В последних числах апреля сорок пятого, за несколько дней до окончания войны, Алексей Васильевич, которого тогда еще никто по отчеству не величал, прилетел в Штаргардт. Перегонщики доставили два десятка новеньких, с иголочки «Лавочкиных», только что выпущенных в Горьком, сюда — на ближние подступы к Берлину. Принимая машины, командир корпуса сердечно благодарил перегонщиков, а они, что называется, хором просили: дайте один вылет на Берлин сделать!.. Не дал. У комкора половина летчиков ходила безлошадными, а те, кому еще было на чем летать, летали на таком дранье, что нельзя было понять — как только эти прокопченные и залатанные самолеты держатся в воздухе?

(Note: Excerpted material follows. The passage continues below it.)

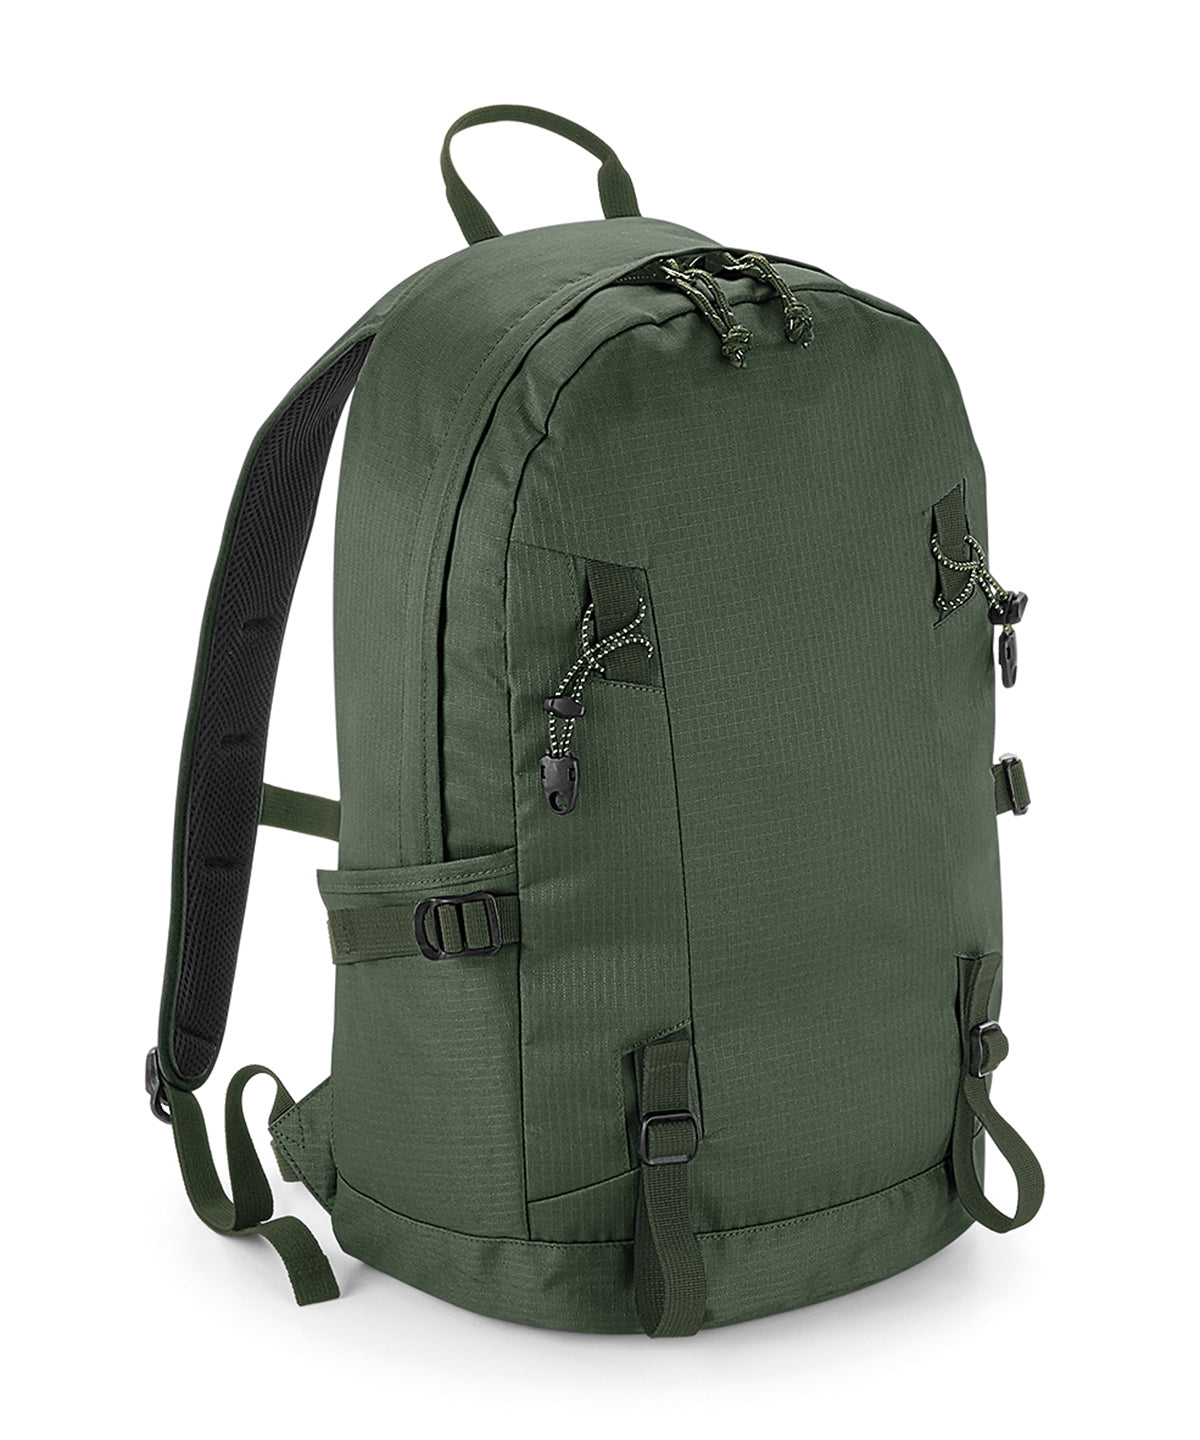 Töskur - Everyday Outdoor 20 Litre Backpack

В компенсацию перегонщиков повели на склад трофейного имущества, и интендантский майор, доброжелательно улыбаясь, предложил:
— Налетай, ребята, грабь, что кому понравится! Алексей Васильевич пробыл в том складе не дольше трех минут, обругал майора и ушел на самолетную стоянку. Увидев, как другие из перегонной группы накинулись на радиоприемники, ковры и прочее, сваленное в громадные кучи барахло, он ощутил непреодолимый приступ брезгливости. Что же это за люди, что за народ?..

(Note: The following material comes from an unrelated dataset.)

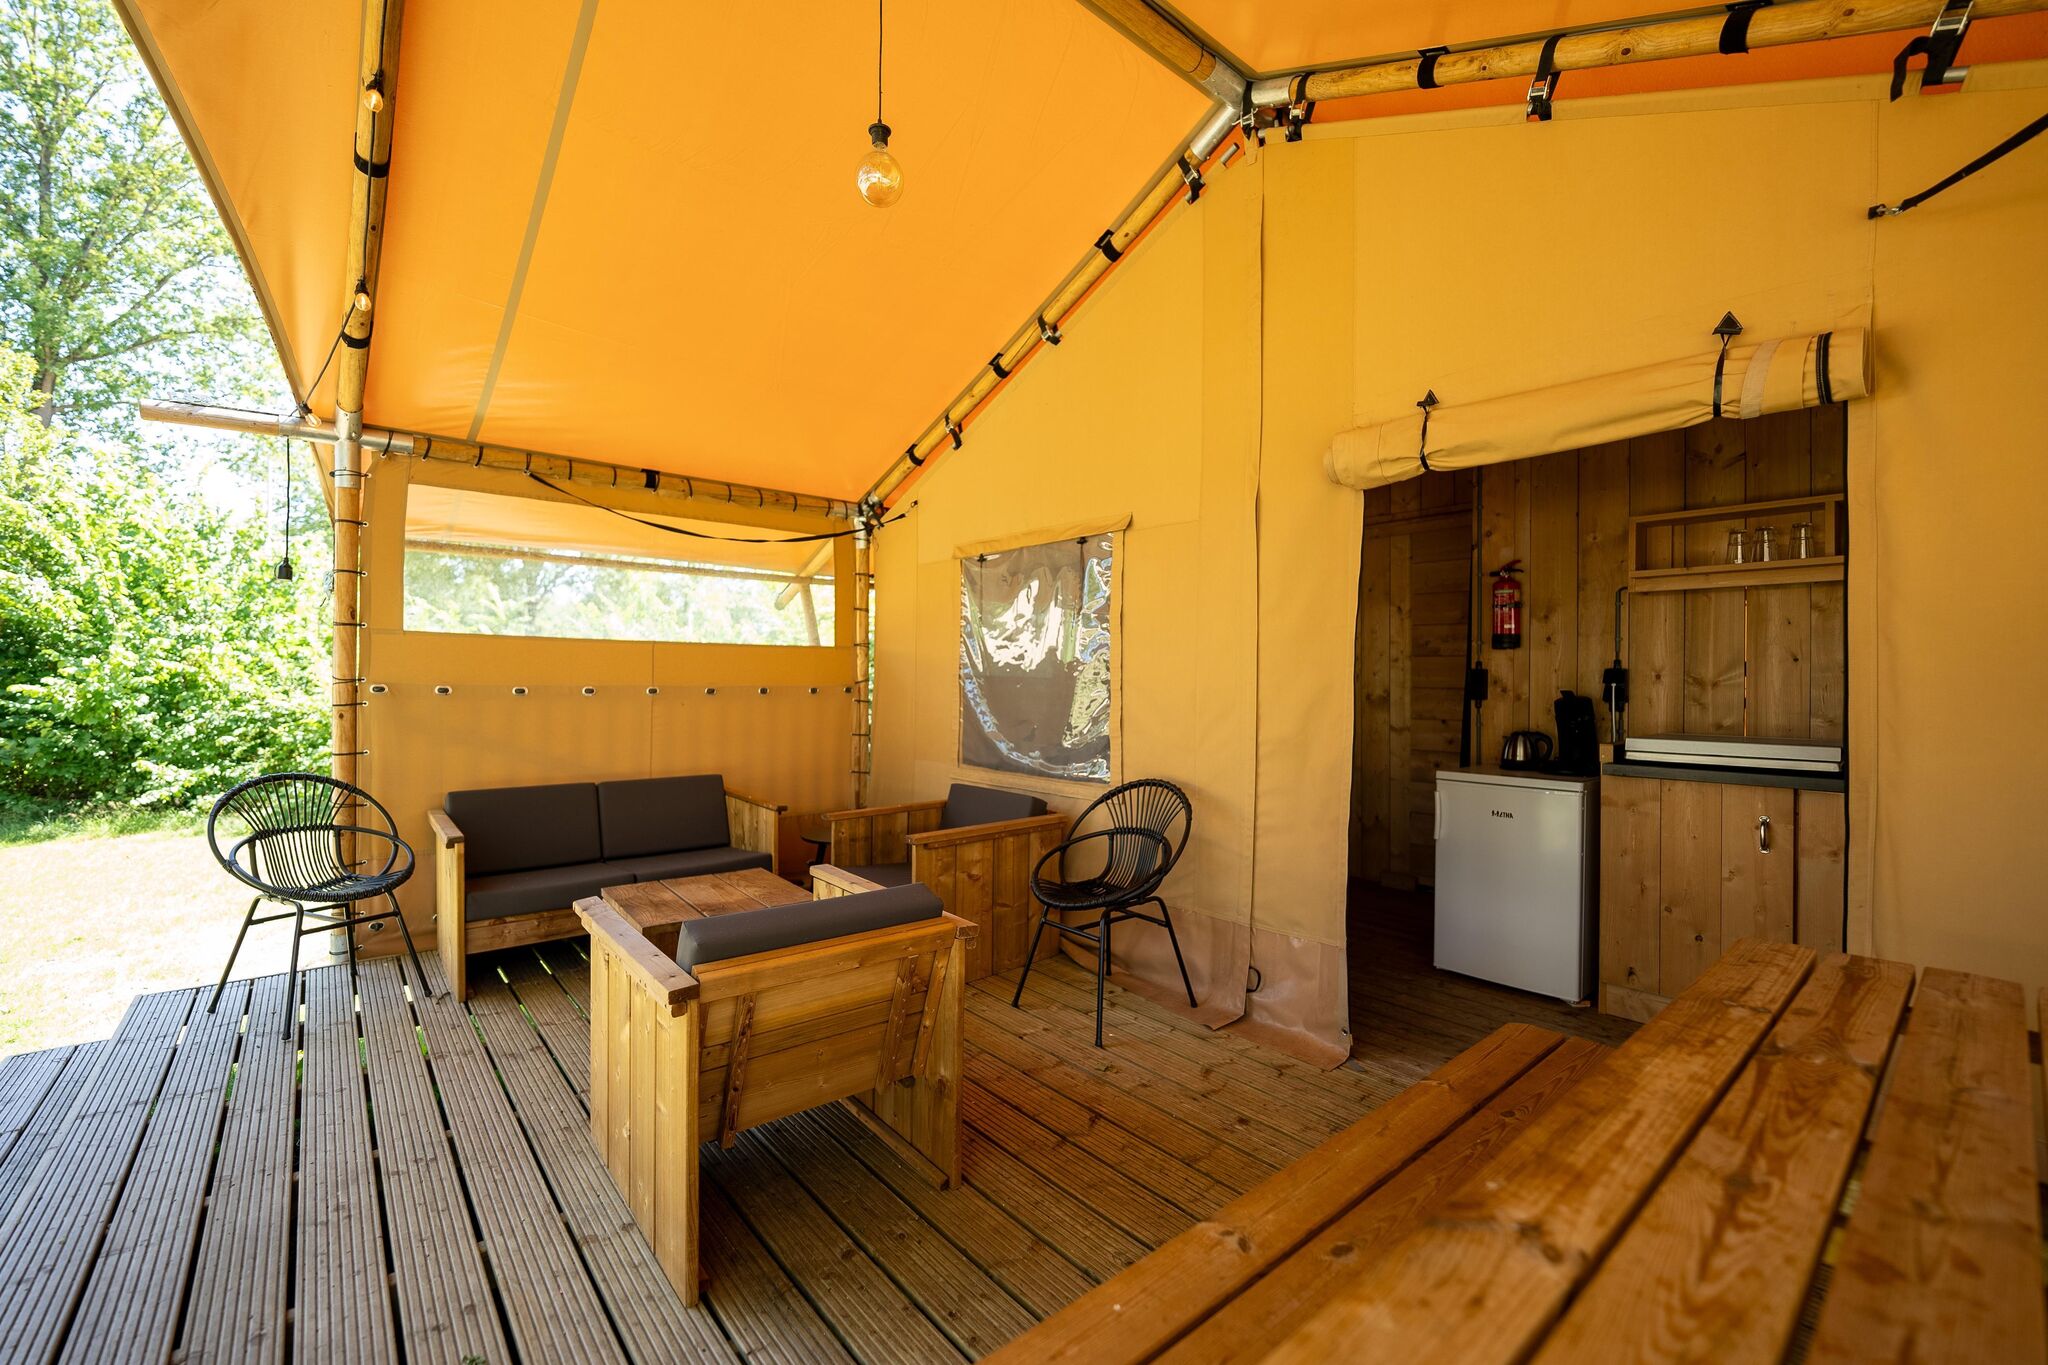 Nice safari tent with bathroom, at Hunebedcentrum

Интенданта военной поры и склад трофейного имущества он вспомнил теперь, возвратясь из поездки в Берлин, где уклонился от произнесения речей и тостов, о чем его просил руководитель делегации. Теперь он ехал в военкомат, куда следовало сдать отчет о командировке. Ехал в троллейбусе, грустный и злой, спрашивал себя: так где она — справедливость? Победили — кто? Как живем мы и как живут побежденные? Что-то не так… в нас самих, пожалуй, не так…
На сиденье впереди Алексея Васильевича сидела совсем молодая женщина, хорошо и модно одетая, она громко бранила крошку-дочку, что вертелась у нее на коленях и, выйдя из себя — ребенок не хотел подчиняться матери, — хлестко стеганула малышку по голове.
В поседевшей, некогда контуженной голове Алексея Васильевича завертелись красные круги, как бывало в тяжелых воздушных боях, и, теряя контроль над собой, он схватил еще крепкой клешней взбеленившуюся мамашу за шею, притиснул и совершенно несвойственным ему образом, рявкнул по-фельдфебельски:
— Отставить! Кого бьешь, сука?! Ребенка…
Он не помнил, как очутился на тротуаре, почему-то в объятиях милицейского капитана, у Алексея Васильевича сильно стучало сердце и подрагивали пальцы рук:
— Нельзя так, отец, нельзя! Она факт — стерва, по если бы ты ее часом поуродовал, отец…
Троллейбус катил дальше, в сторону Белорусского вокзала. Капитан разжал хорошо натренированные объятия и усмехнулся:
— Грехи наши тяжкие… А ты однако здоров, отец, — и отпустил Алексея Васильевича, посоветовав малость пройтись, подышать успокоиться.
Размашисто шагая в направлении военкомата — дожидаться следующего троллейбуса не имело смысла, Алексей Васильевич не доехал до цели всего одну остановку, он обнаружил, что его большая и четкая тень следует впереди, и подумал: ухожу от солнца. Это открытие почему-то огорчило его, хотя в свое время он не знал лучшей позиции для успешной атаки — с пикирования на большой скорости, от солнца, слепящего врага, а его делающего невидимым. В последнее время он стал все чаще расстраиваться по пустякам. А когда случайно обнаружил, что Лена, разведясь с мужем, начала покуривать и вовсе ударился в панику. С неделю не находил себе места. По части легких у Лены не все было в порядке, и Алексей Васильевич терзался: если что — на кого тогда Тимоша останется?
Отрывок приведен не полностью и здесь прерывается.